• Task brief: Write out, from the entries below, exactly the lines that run between the lines holding "Floating Leaves Dancing" and "Alerta Legal Regulación", inclusive, and stop there.

• Records:
--- START ---
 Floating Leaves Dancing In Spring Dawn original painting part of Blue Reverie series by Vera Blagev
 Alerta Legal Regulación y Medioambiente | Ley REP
--- END ---
--- START ---
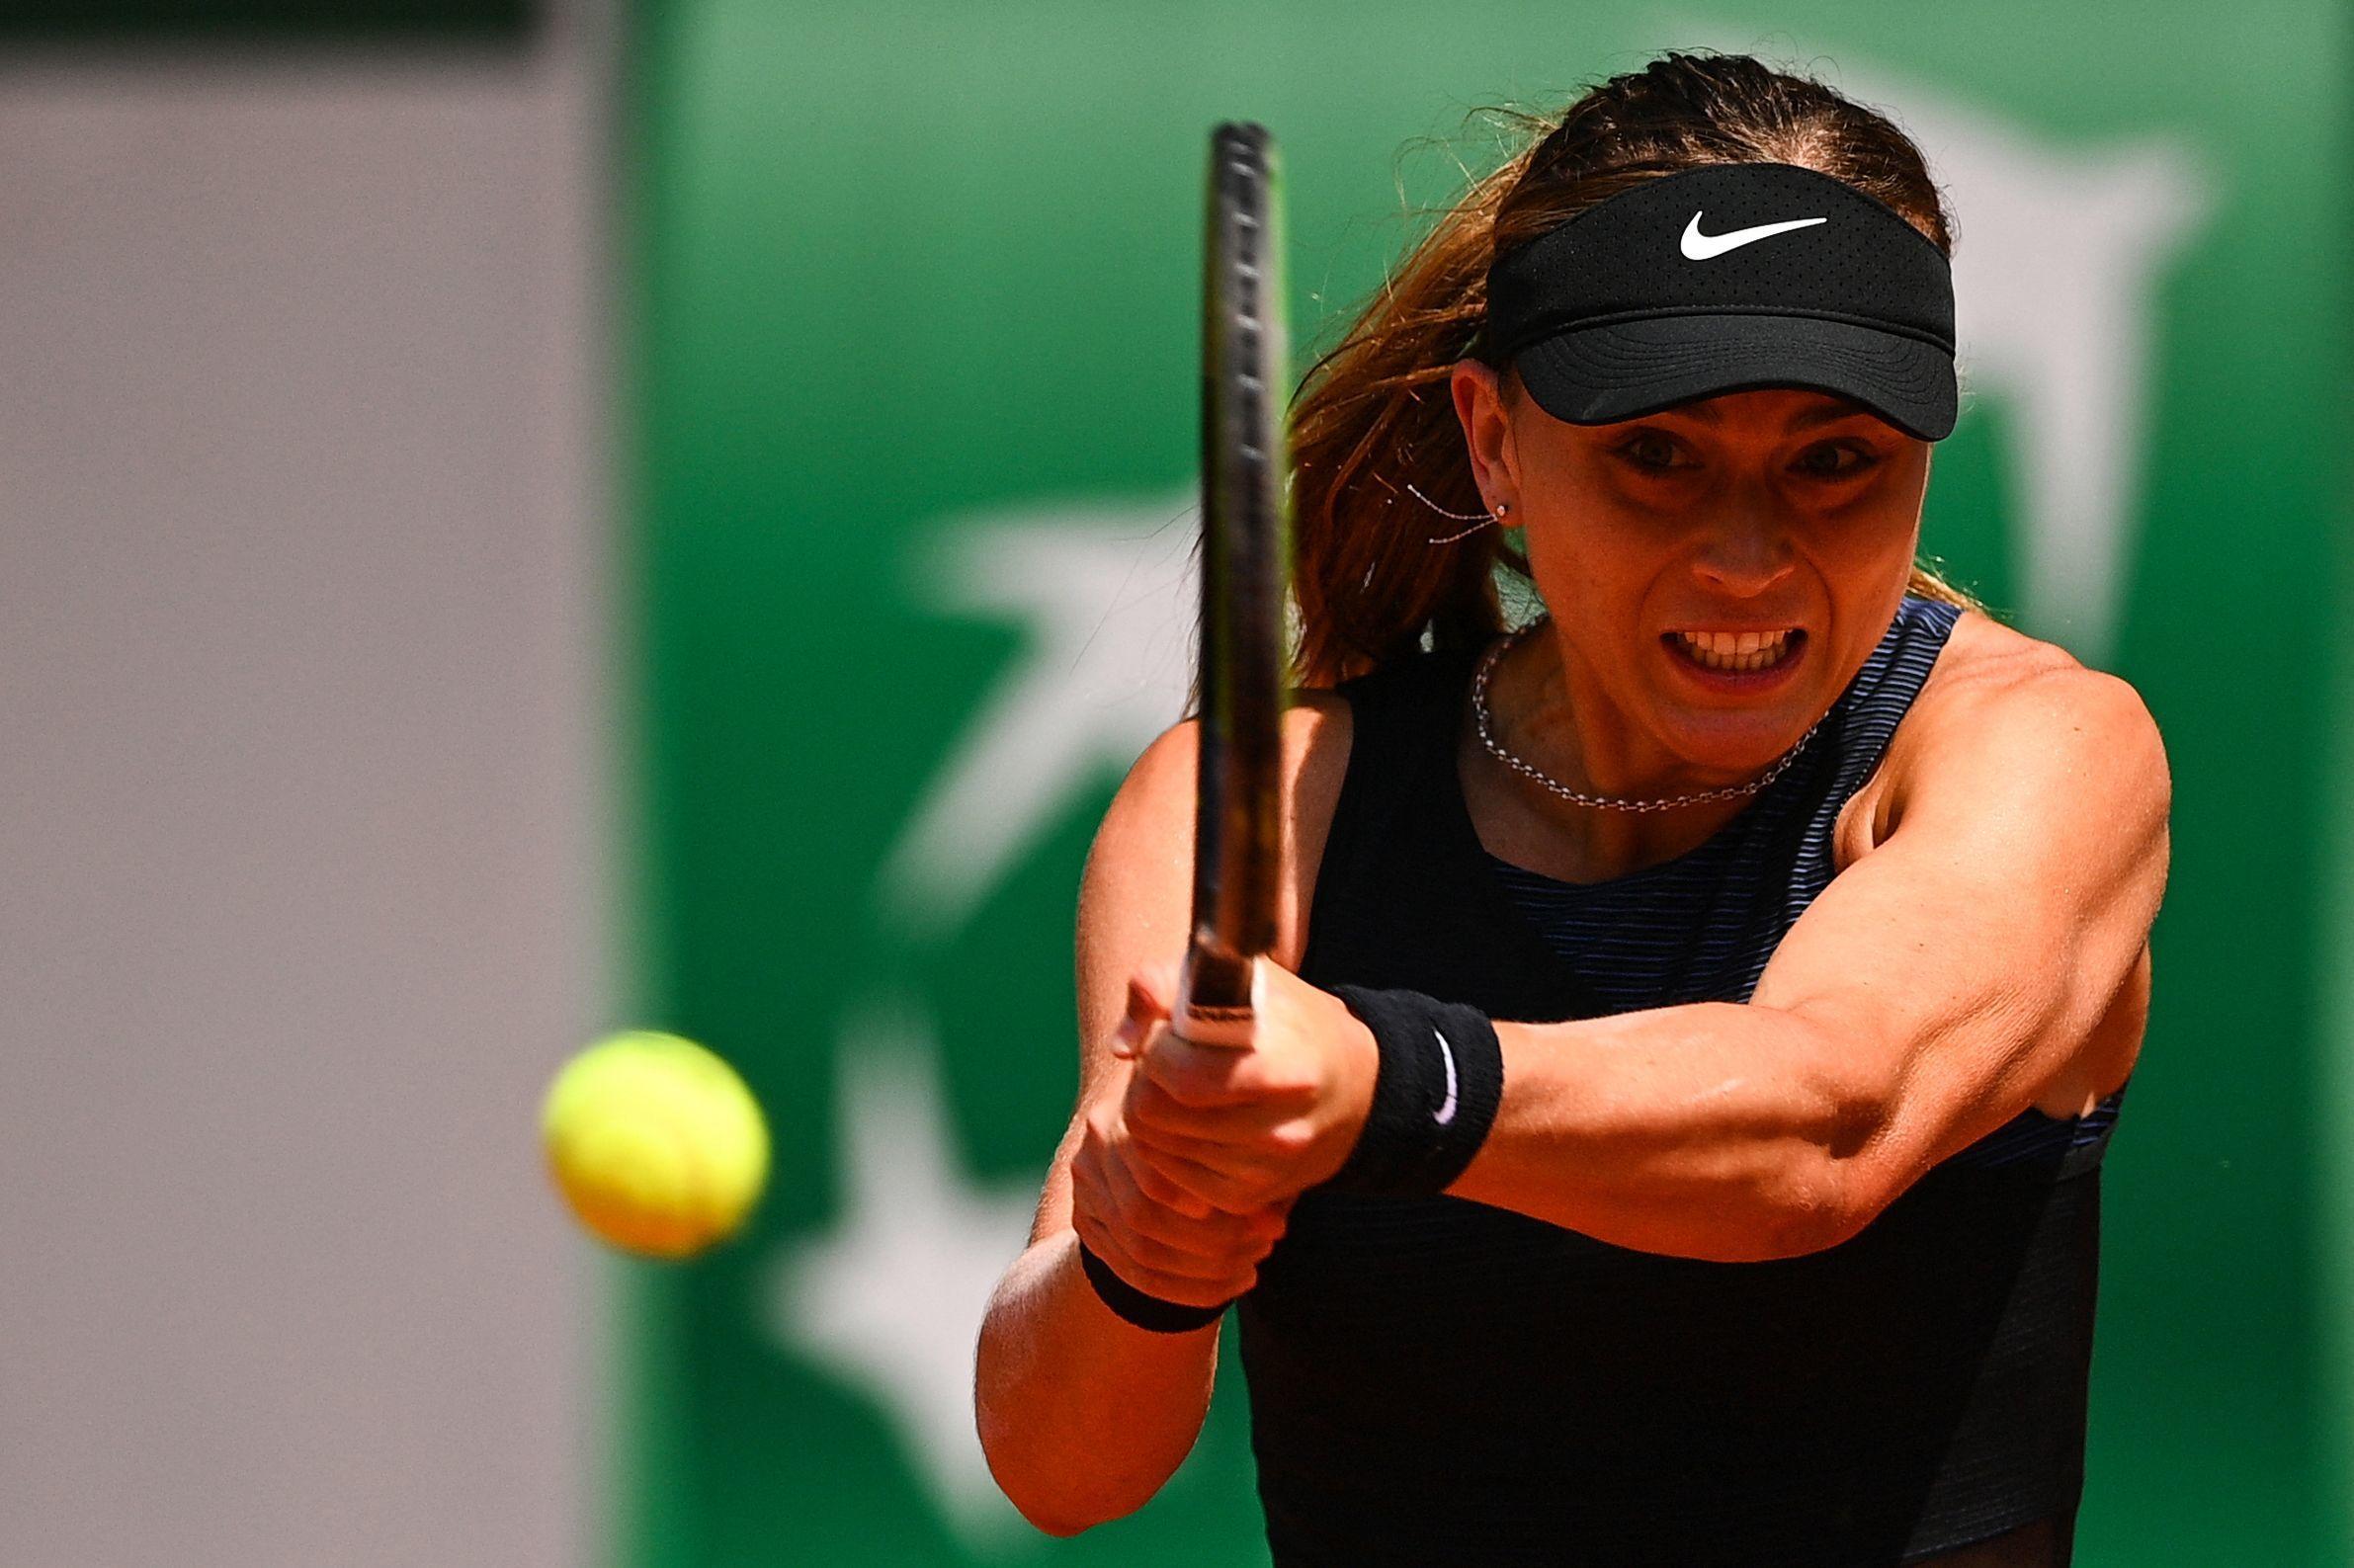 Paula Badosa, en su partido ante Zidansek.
--- END ---
--- START ---
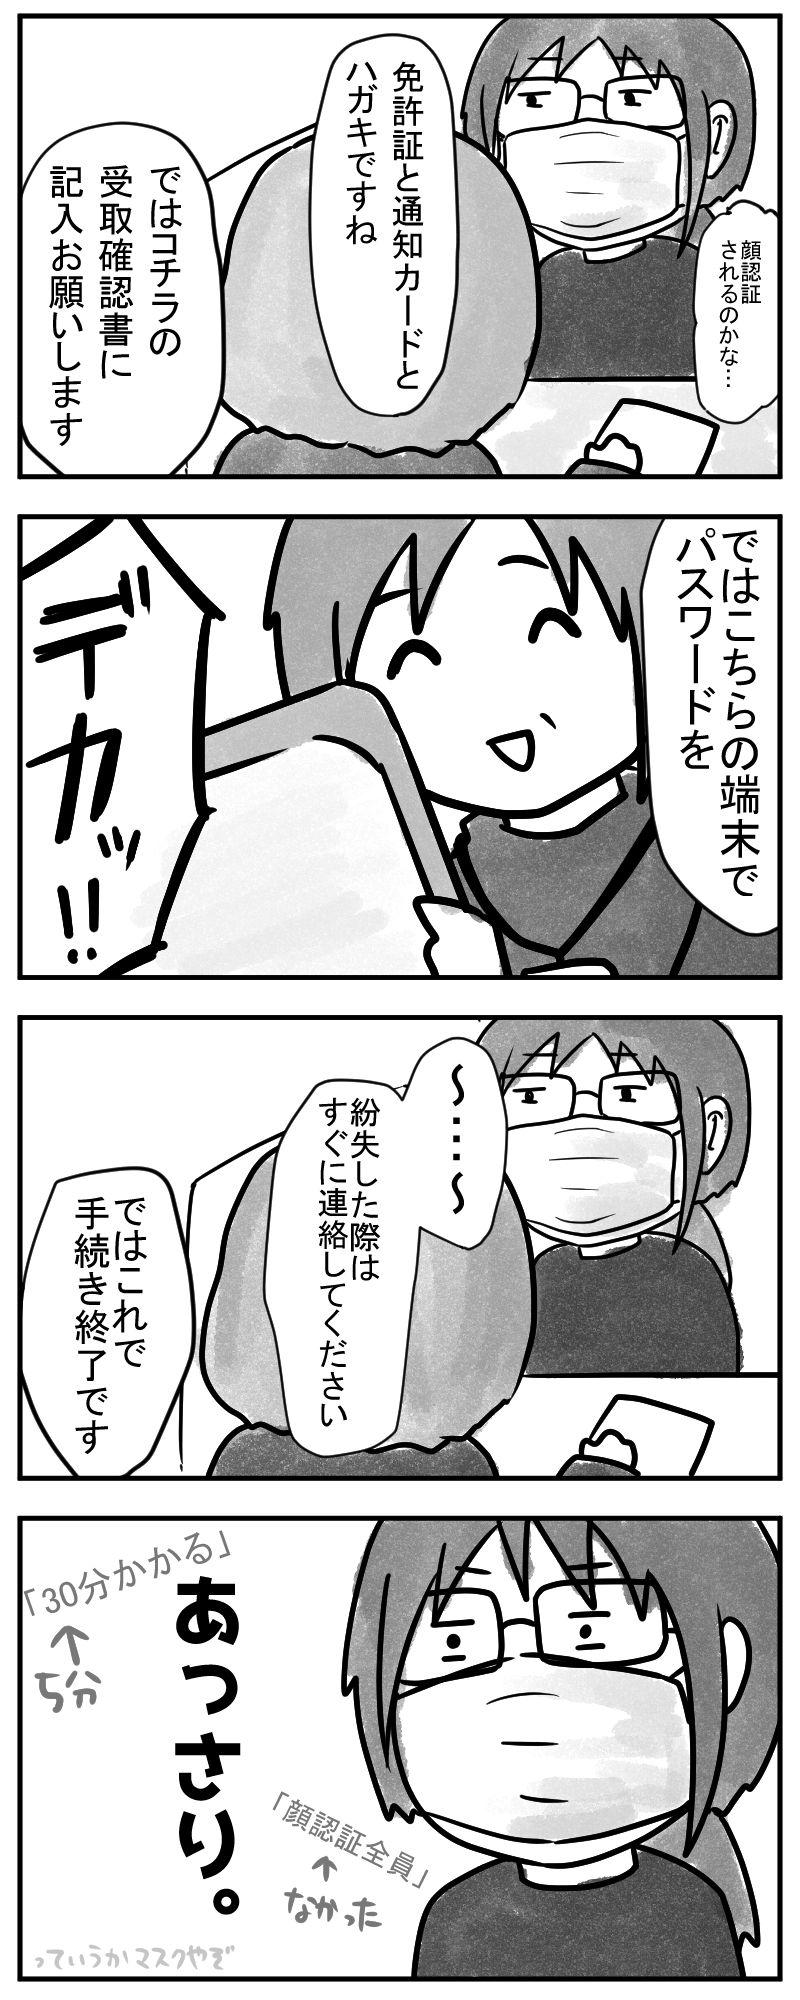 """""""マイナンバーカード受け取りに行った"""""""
--- END ---
• Answer area:
 Floating Leaves Dancing In Spring Dawn original painting part of Blue Reverie series by Vera Blagev
 Alerta Legal Regulación y Medioambiente | Ley REP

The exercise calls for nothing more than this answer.